4Treating solar as a separate project
A heat pump retrofit without rooftop solar is half a project. The fuel price exposure you removed from the boiler input is replaced with grid-electricity price exposure. Meralco rates will rise again. They have to. The only configuration that produces sub-12-month payback under sustained crisis pricing — and removes Hormuz exposure entirely — is heat pump plus solar. Treat them as one decision.
A heat pump retrofit without rooftop solar is half a project.
What we recommend doing in the next ninety days
This applies to any facility burning LPG, diesel or fuel oil for process heat — not just heavy industry. Karnot’s heat pump range covers 6 kW to 350 kW per unit, with cascade and multi-unit configurations beyond that, so the technology fits everywhere from a boutique hotel hot-water duty to a mid-sized food processing plant. The question is no longer whether a heat pump fits your site — it is which configuration, and how fast you can move:
- Pull the last twelve months of fuel invoices. Calculate the cost per kWh of useful heat output at the actual boiler efficiency on your meters (not the nameplate).
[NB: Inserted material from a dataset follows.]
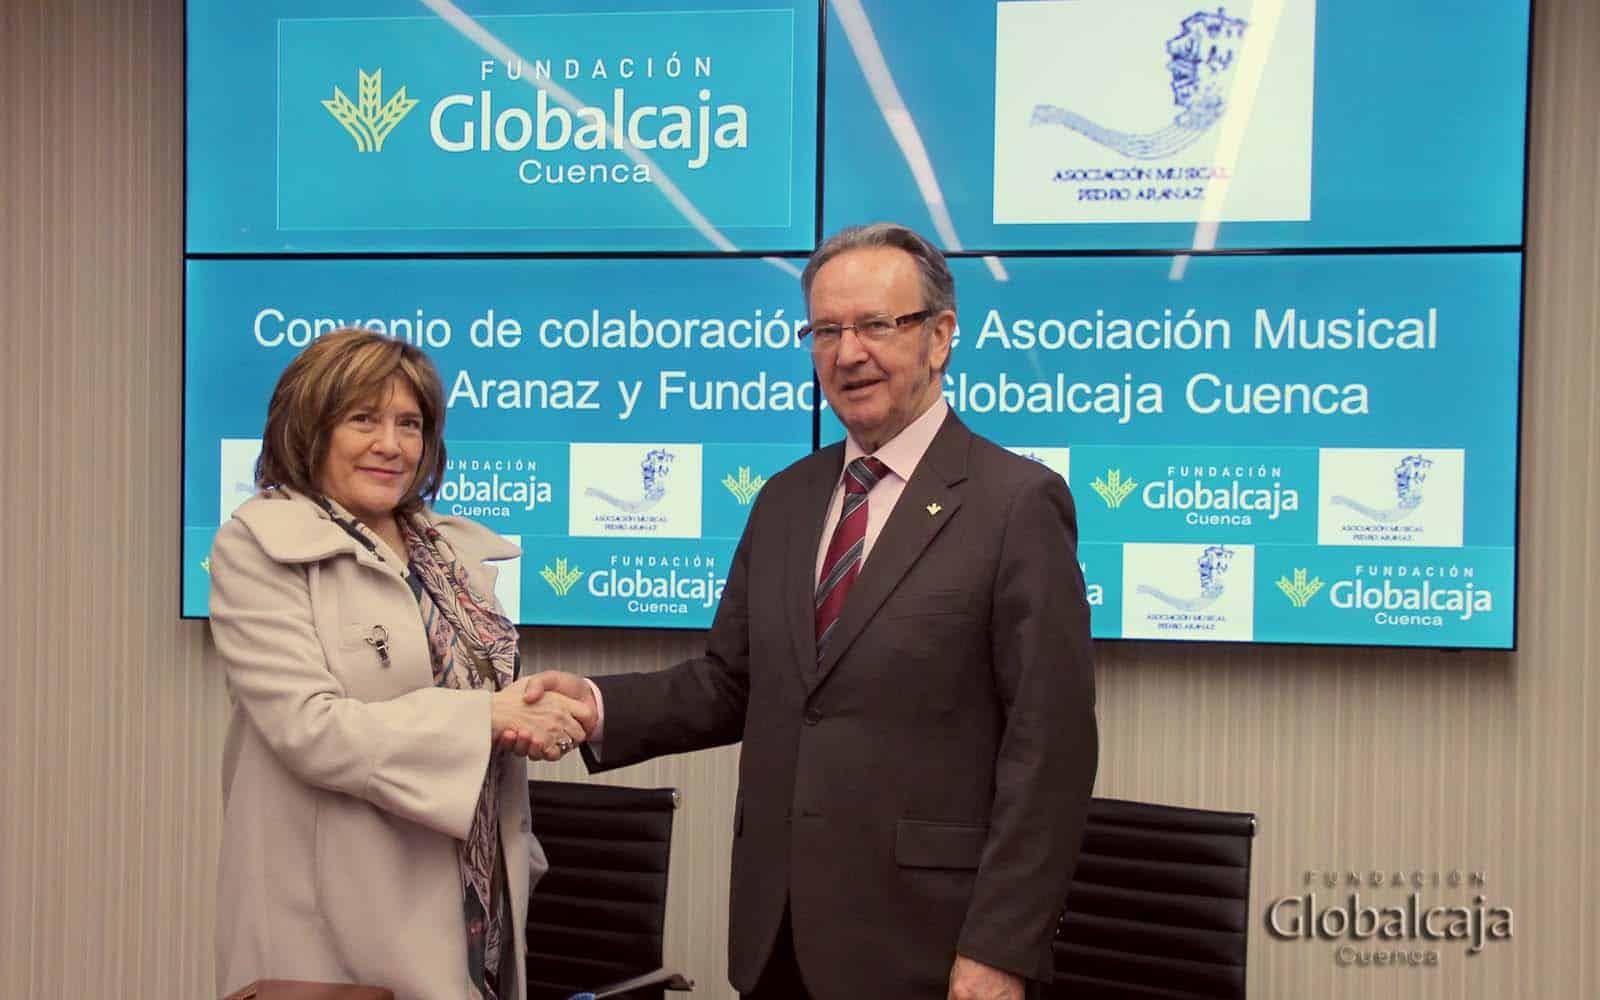 https://blog.globalcaja.es/wp-content/uploads/2017/05/FUNDACION-GLOBALCAJA-CUENCA-FIRMA-CONVENIO-Conservatorio-11_R.jpg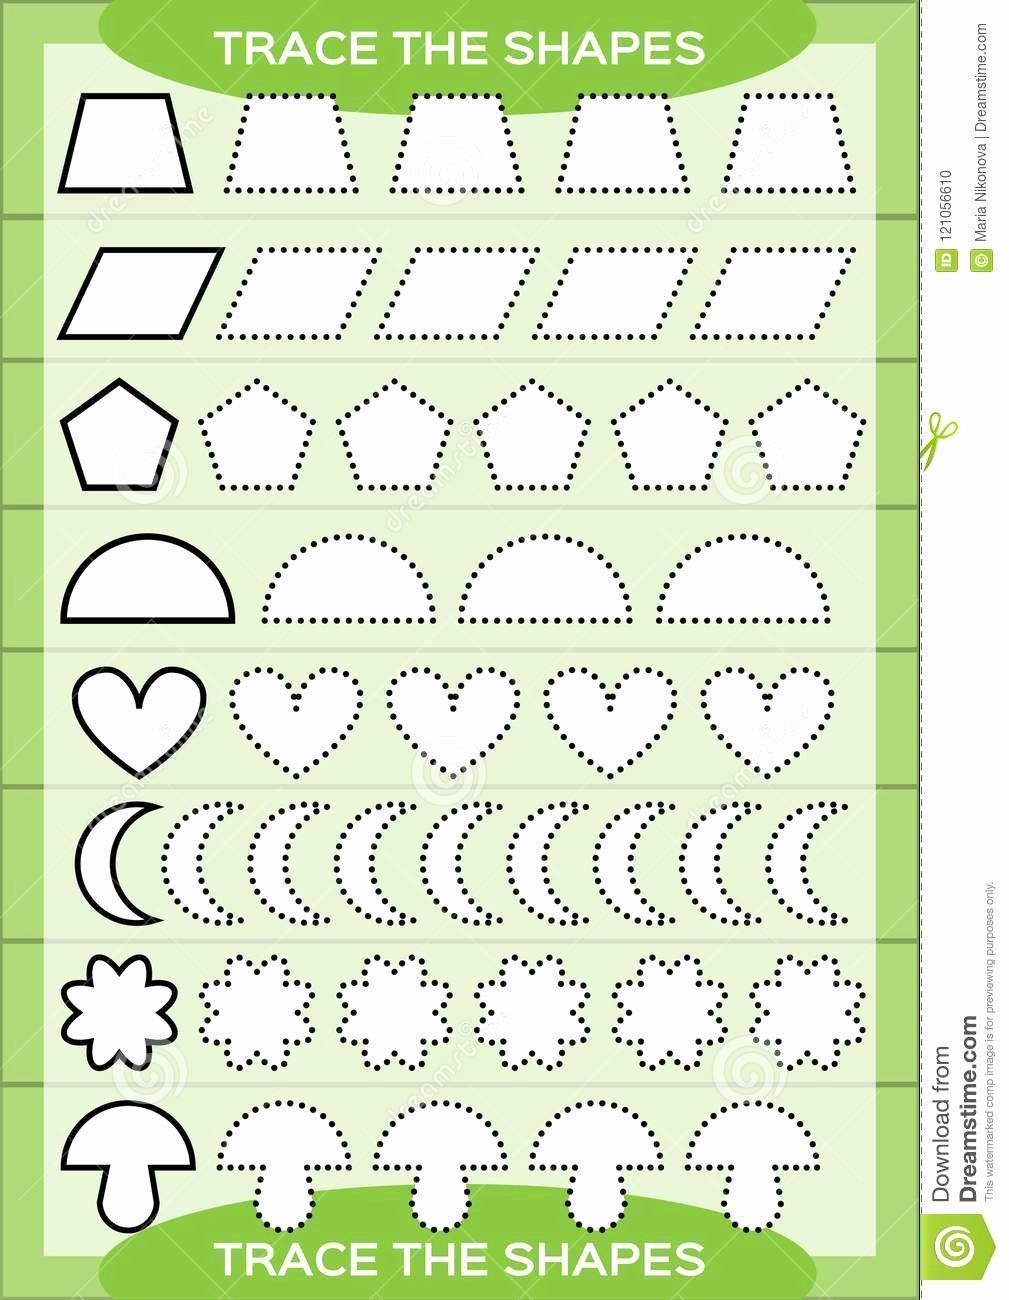 Fine Motor Skills Worksheets for Preschoolers Beautiful Trace the Shapes Kids Education Preschool Worksheet Basic

- Build a sensitivity table for fuel costs at +25%, +50%, +100% over current. Run the same model for Meralco at +5%, +15%, +25% generation charge increases. These are not stress tests. They are realistic scenarios for the next eighteen months.
- Request a heat pump feasibility study based on hourly load data, not annual totals. The OEM partners we work with can deliver this in two weeks.
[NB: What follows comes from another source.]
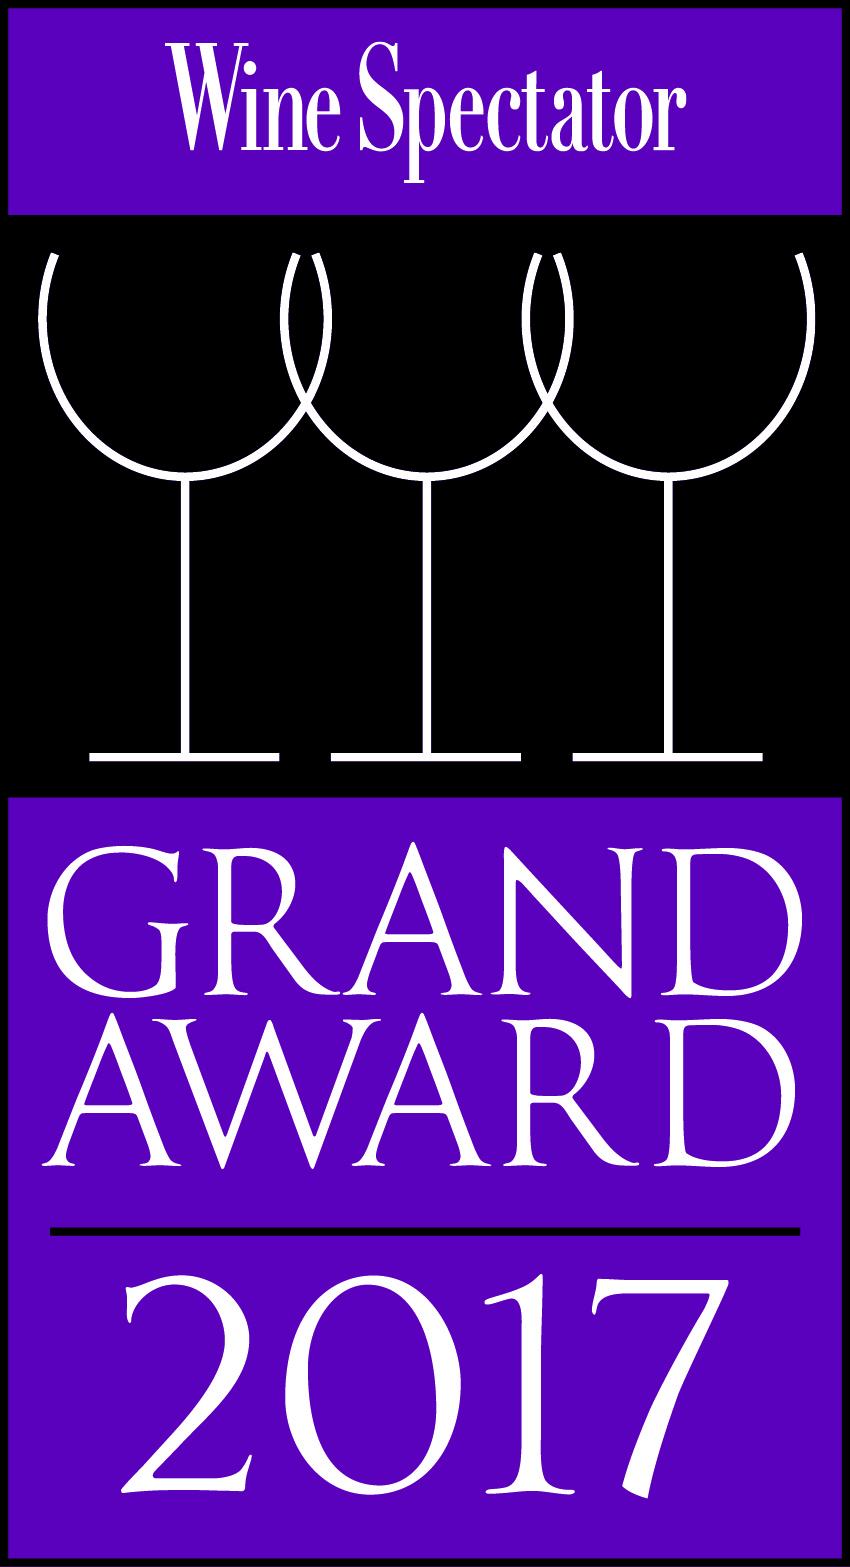 Wine Spectator Grand Award 2017

- Assess your rooftop area for solar. Industrial sites usually have far more capacity than the facility manager initially assumes. Most light-industrial roofs in Luzon can host 200–400 kWp.
- Look at the Energy-as-a-Service option. For facilities that don’t want the Capex on their balance sheet, EaaS structures pass the equipment cost to a third party and share the savings. We can model this either way.
A note on the technology
Karnot Energy Solutions Inc. is a Philippine cleantech company headquartered at the Low Carbon Innovation Centre in Mapandan, Pangasinan, with a BOI-SIPP application in progress. We commercialise CO2 and R290 (natural refrigerant) heat pump and cooling platforms under the iHEAT, iCOOL, iCRYO, AquaHERO and iSAVE product lines. Our OEM partners have deployed over ten thousand units across Europe, including in markets that have already lived through severe gas supply disruption (Germany, the Netherlands, the Nordics) and built the operational track record to prove the technology in continuous industrial duty.
CO2 and R290 are natural refrigerants with global warming potentials of 1 and 3 respectively, compared to several thousand for legacy HFC refrigerants. This is becoming material as F-gas phase-down regulations tighten worldwide.
We are not a foreign vendor passing through. We are a Philippine company, with manufacturing partnerships in Europe and Asia, solving a Philippine engineering problem with technology that has been proven elsewhere. We are happy to discuss specific applications, share customer references where permitted, and provide feasibility studies for facilities that want a defensible engineering case rather than a sales pitch.
The Strait of Hormuz crisis did not create the case for industrial heat pumps. It just made the case impossible to ignore.